Russia’s New Hypersonic Missile Travels Nearly 3 Km A Second
by Kyle Mizokami
Russia has tested a new hypersonic anti-ship missile that can travel a blistering 6,138 miles an hour, or 1.7 miles a second. The missile, known as Zircon, will attack ships at sea and land-based targets. It is in all likelihood unstoppable by modern air defences.
CNBC reports that Russia has tested the Zircon anti-ship missile five times, with the latest test occurring on December 10. The December test hit a top speed of Mach 8, or 6,138 miles an hour. CNBC quoted two anonymous U.S. government officials with direct knowledge of an intelligence report on the test. The latest test proved the Russians were capable of achieving sustained flight—a difficult goal in hypersonic flight research.
The network’s source also said that it was clear Zircon was being diversified away from being a purely anti-ship missile to also strike land targets. It is expected to enter production in 2021 and service with the Russian Navy in 2022.
Not much is known about Zircon. According to Naval Technology, development of the missile goes back to 2011. Under development by NPO Mashinostroeniya Military-Industrial Corporation, it could be a domestic version of the Indian-Russian BrahMos II hypersonic missile system. Naval Technology claims the missile is known internally in Russia as 3K22 (the equivalent of calling a Sidewinder air-to-air missile the AIM-9X).
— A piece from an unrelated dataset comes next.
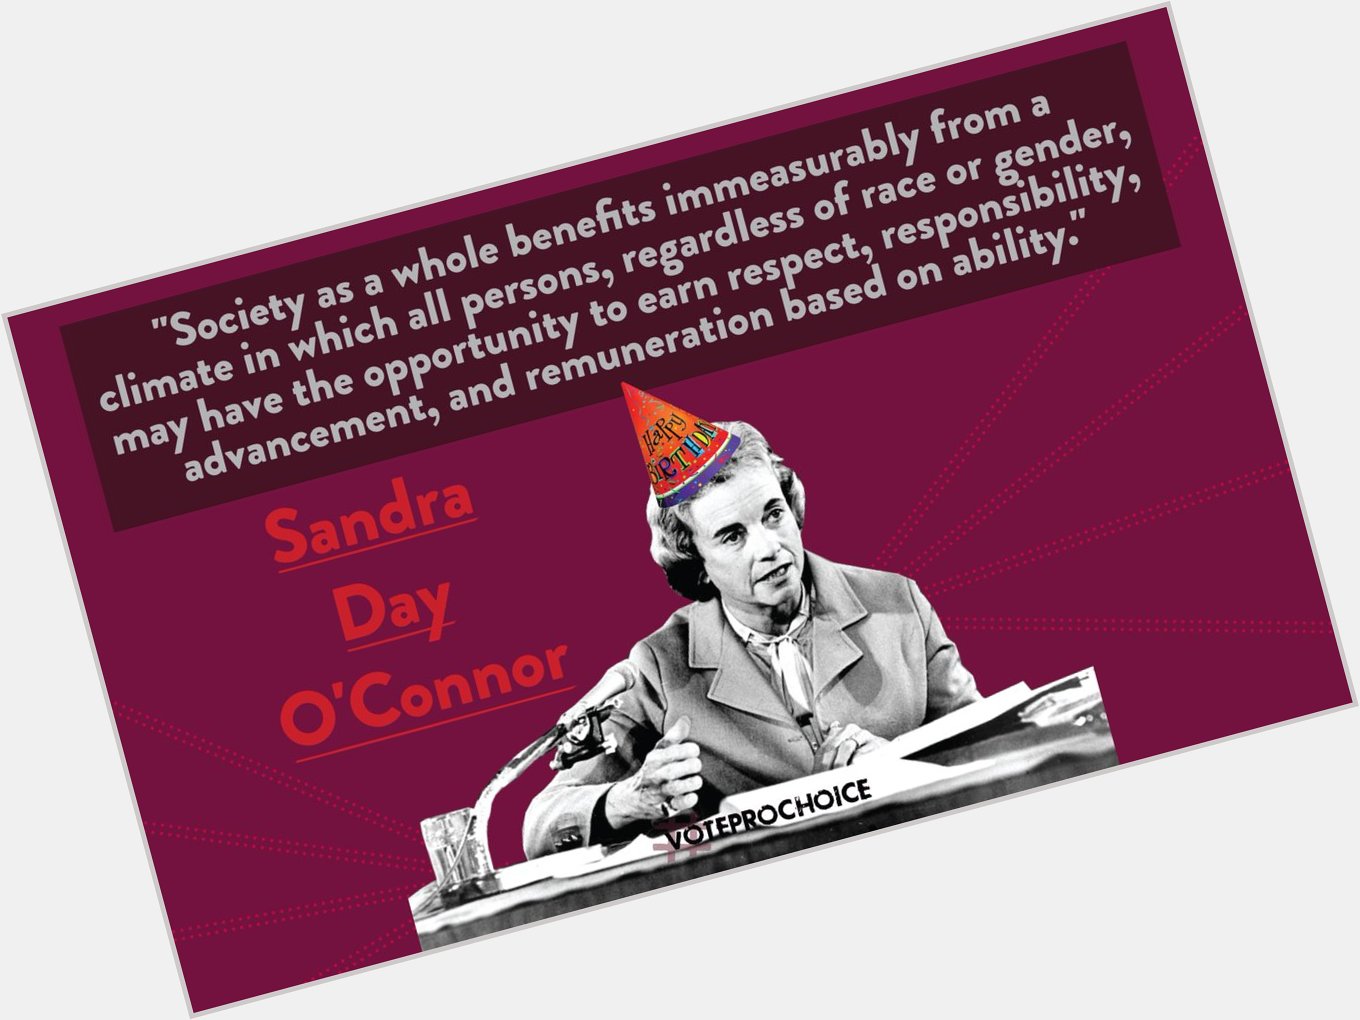 Happy birthday Sandra Day O\Connor, the first woman appointed to the US Supreme Court!

Naval Technology quotes BrahMos II as having a range of 300 kilometres, or 186 miles. That’s likely a number chosen in order for both countries to adhere to the Missile Control Technology Regime, an international agreement which seeks to slow the spread of nuclear missile technology by limiting the range of exportable missiles capable of carrying one ton warheads to 186 miles. India and Russia are both MCTR signatories. Missiles built by either country for domestic use, however, would have no such range limitation.
According to Russian state media source TASS, Zircon is designed to launch from vertical launch silos on several types of Russian Navy ships, including the Steregushchy-class Corvettes and Admiral Gorshkov-class frigates. The battlecruisers Admiral Nakhimov and Pyotr Velikiy will also get Zircon during scheduled refits. Per Naval Recoginition, both battle cruisers should get the ability to launch up to ten Zircon missiles each.
The real threat, however, is from the Russian Navy’s new Yasen-class submarines. According to TASS the same vertical launch missile launchers that allow the Yasen class to carry up to 40 anti-ship missiles also allow the submarines to carry Zircon. Unlike surface ships, which could be tracked, a Yasen-class submarine could launch them from an unexpected location and direction.
This gets at the real problem behind Zircon: it’s probably impossible to shoot down at this point, and in a conflict with the U.S. Navy will likely penetrate American defences and sink ships—if it works as advertised. Although the U.S. Navy has a variety of defences, from SM-3 ballistic missile interceptors to SM-6 surface-to-air missiles, each is optimised against certain threats. While SM-3 can take on incoming ballistic missiles moving at a similar speed, it does so at the borders of space, far above Zircon’s likely flight profile. SM-6 can shoot down short-range ballistic missiles, cruise missiles, anti-ship missiles and aircraft, but whether or not it can hit something moving at 1.7 miles a second is unknown.
So, existing missiles can each tackle part of the problem, but not the whole problem of tackling Zircon. U.S. missile defences will likely need significant hardware and software upgrades to down an incoming Zircon. For now, the most effective means of neutralising these hypersonic missiles is to destroy the platforms that carry them before launch.
Zircon’s warhead could have a high explosive warhead, nuclear warhead, or no warhead at all. An object smashing into a target at nearly two miles a second will do significant damage, so a 2,000 pound non-explosive tungsten “warhead” would probably be an effective anti-ship warhead. High explosive is always an option.
Where Zircon could really excel is as a nuclear weapon. Fired from a submarine off the Eastern Seaboard, a hypersonic missile could hit a target at 186 miles in just 109 seconds.
Zircon is just one example of a slew of hypersonic weapons under development by the U.S., Russia, and China. Hypersonic research is pushing the boundaries of known engineering and science, but it may be in everyone’s interest to ban their testing or deployment.